Why my code show error ?

#include <stdio.h> int area(int x,int y); int main() { int x; int y; scanf("%d %d",&x,&y); int a= area(x,y); printf ("the area of rombus is :\n %d ",a); return 0; } int area(int x,int y){ x=1/2*x*y; return (x); }

functions c

12th Dec 2020, 1:05 PM

RD:programmer

4 Answers

+ 3

In C, int/int always yields an int. fractional part is discarded. example. 1/2 evaluates to 0 not 0.5 because part after decimal point is discarded. if either operand of / is double another operand will be promoted to double type and expression will yield double value. example. 1.0 / 2 results in 0.5 For your code: use 0.5 (double) instead of 1/2 or use explicit type casting : (double) 1/ 2 * x * y; Also it'll be better if you declare x and y to be double instead of int. do not forget to change format specifiers accordingly for scanf and print statements.
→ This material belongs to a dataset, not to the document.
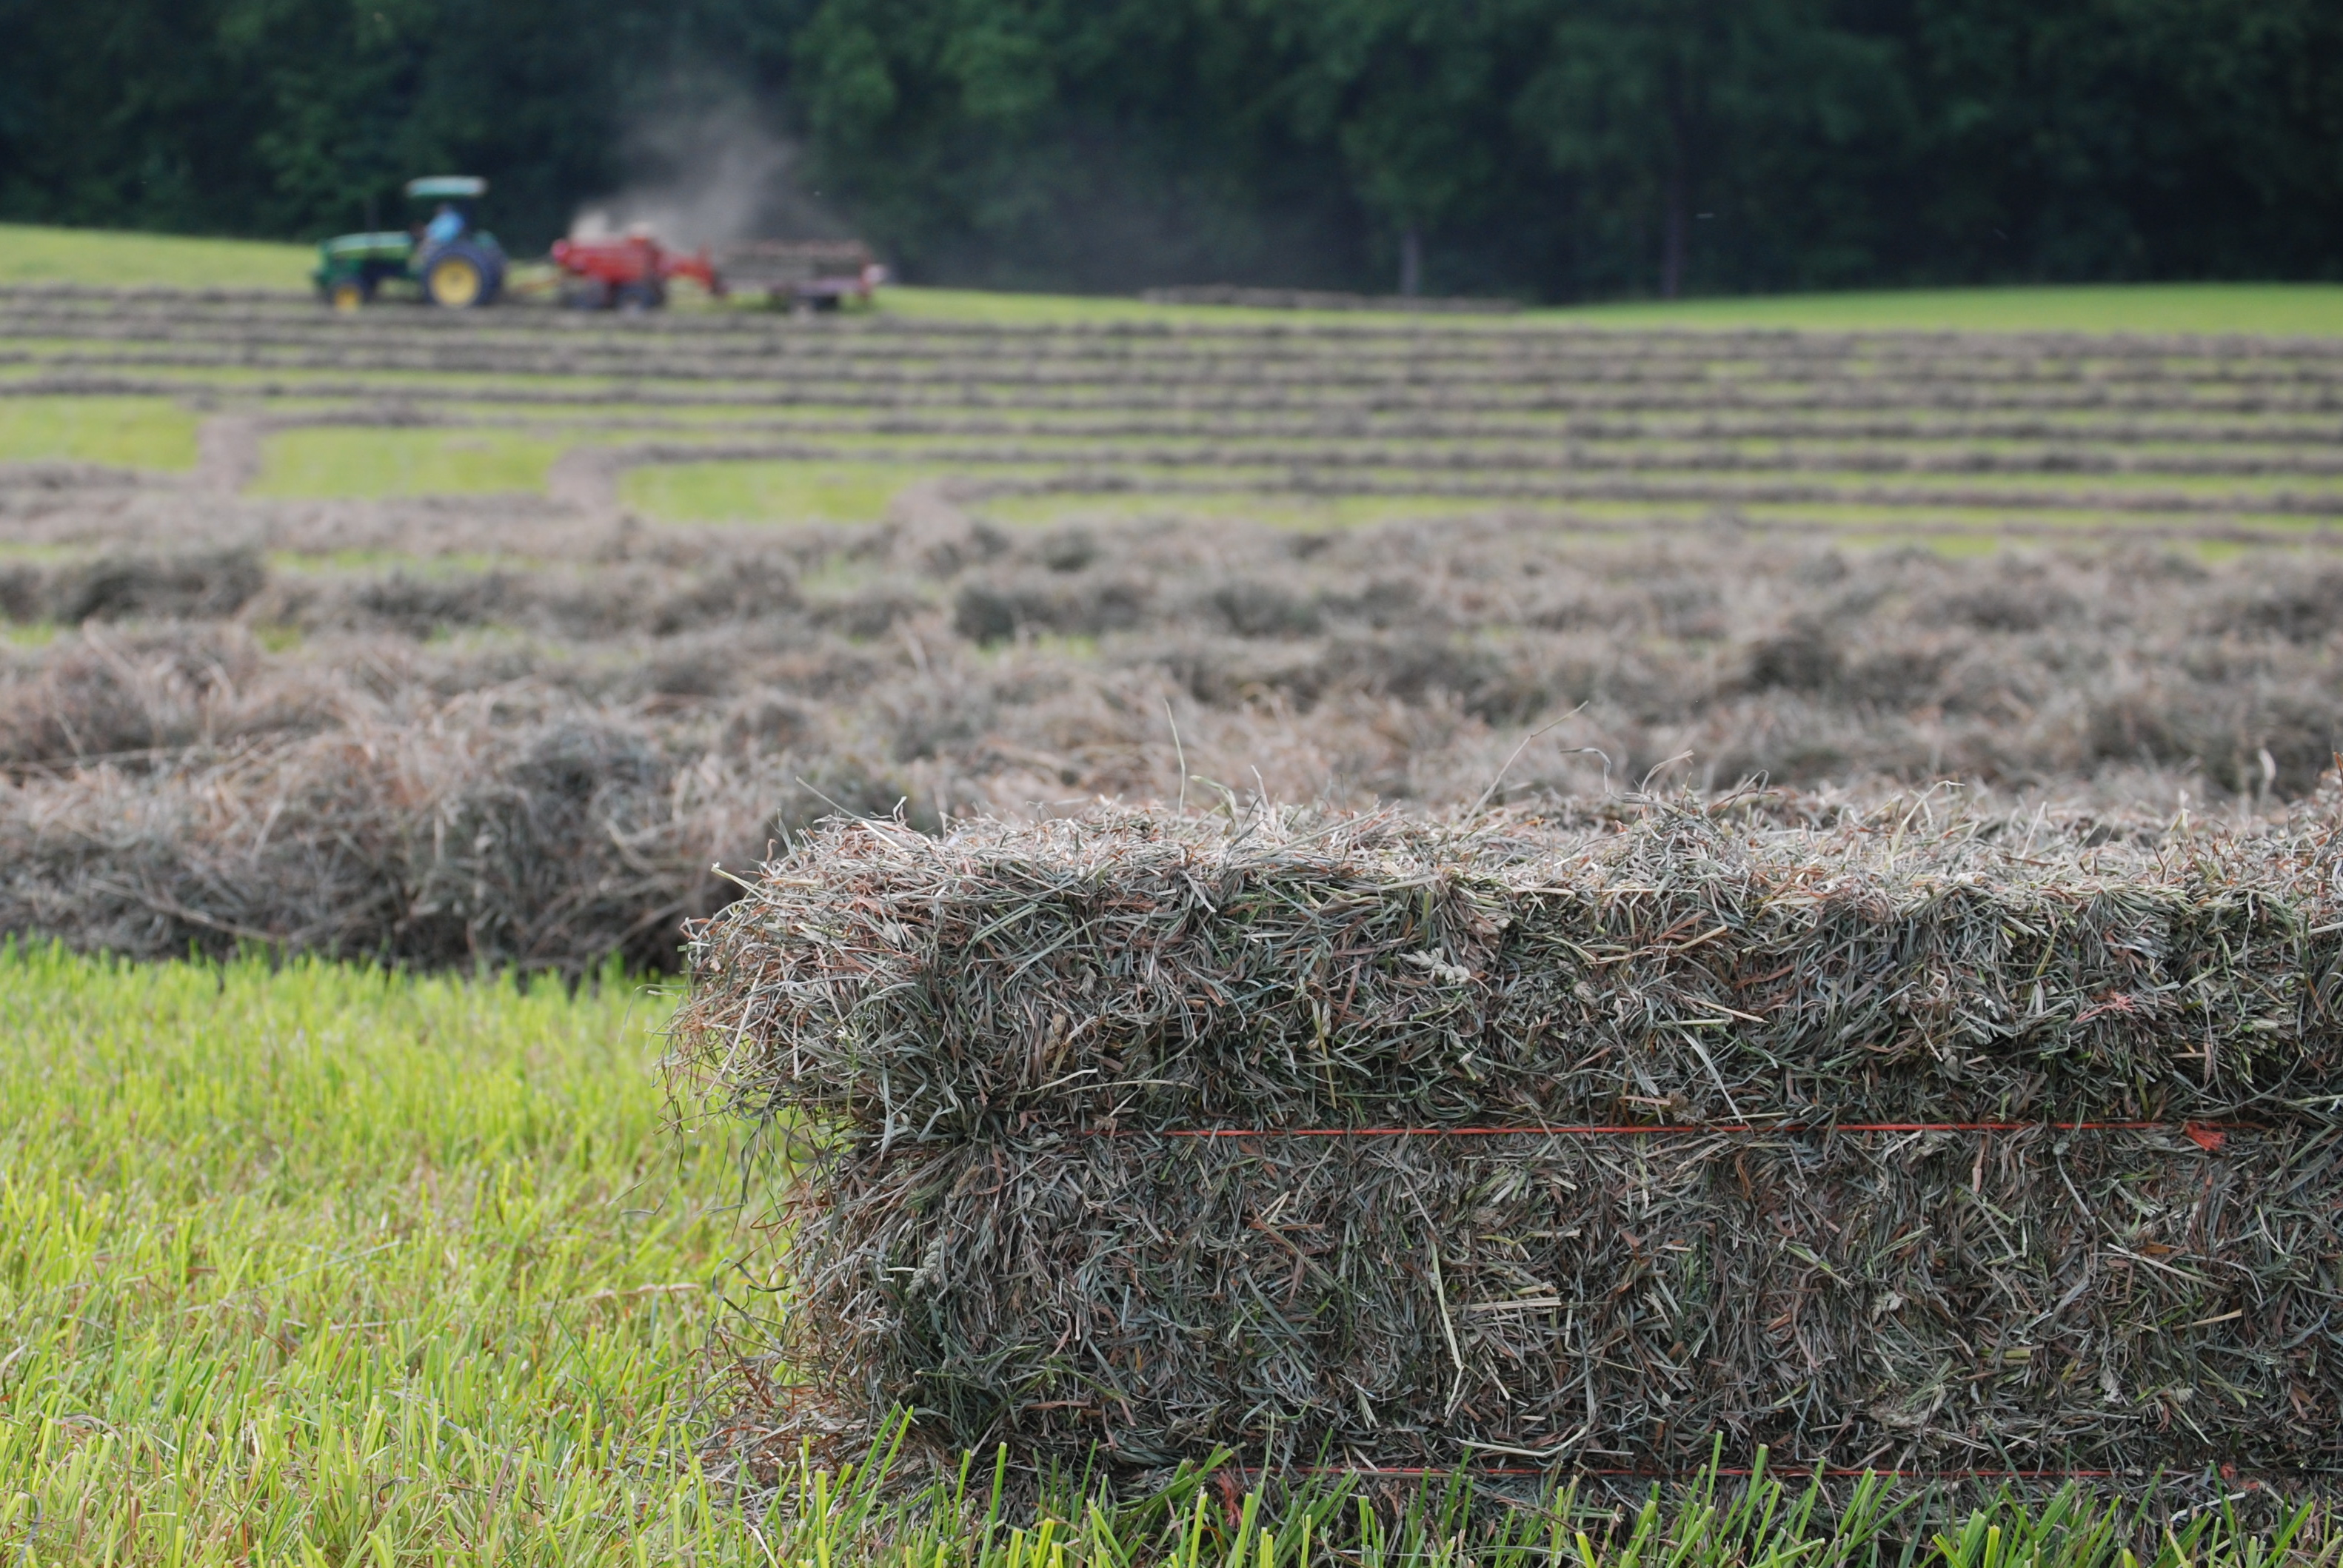 Image of hay bales

Change the return type of function area , otherwise return value will be casted to int causing loss of fractional part.

12th Dec 2020, 1:20 PM

🇮🇳Omkar🕉

+ 1

#include <stdio.h> int area(int x,int y); int main() { int x; int y; scanf("%d %d",&x,&y); int a= area(x,y); printf("the area of rhombus is :\n %d ", a); return 0; } int area(int x,int y) { return ((1.0f/2) * (x*y)); }

12th Dec 2020, 1:16 PM

Flash

+ 1

Hey Mr. Unknown Your code is all right just take multiplication of 'x' and 'y' in brackets x=(x*y)/2; like this but as you declared x is an integer so area will only prints integer. I suggest to declare 'x' as float. HAPPY CODING 😀!

12th Dec 2020, 1:27 PM

Giriraj Yalpalwar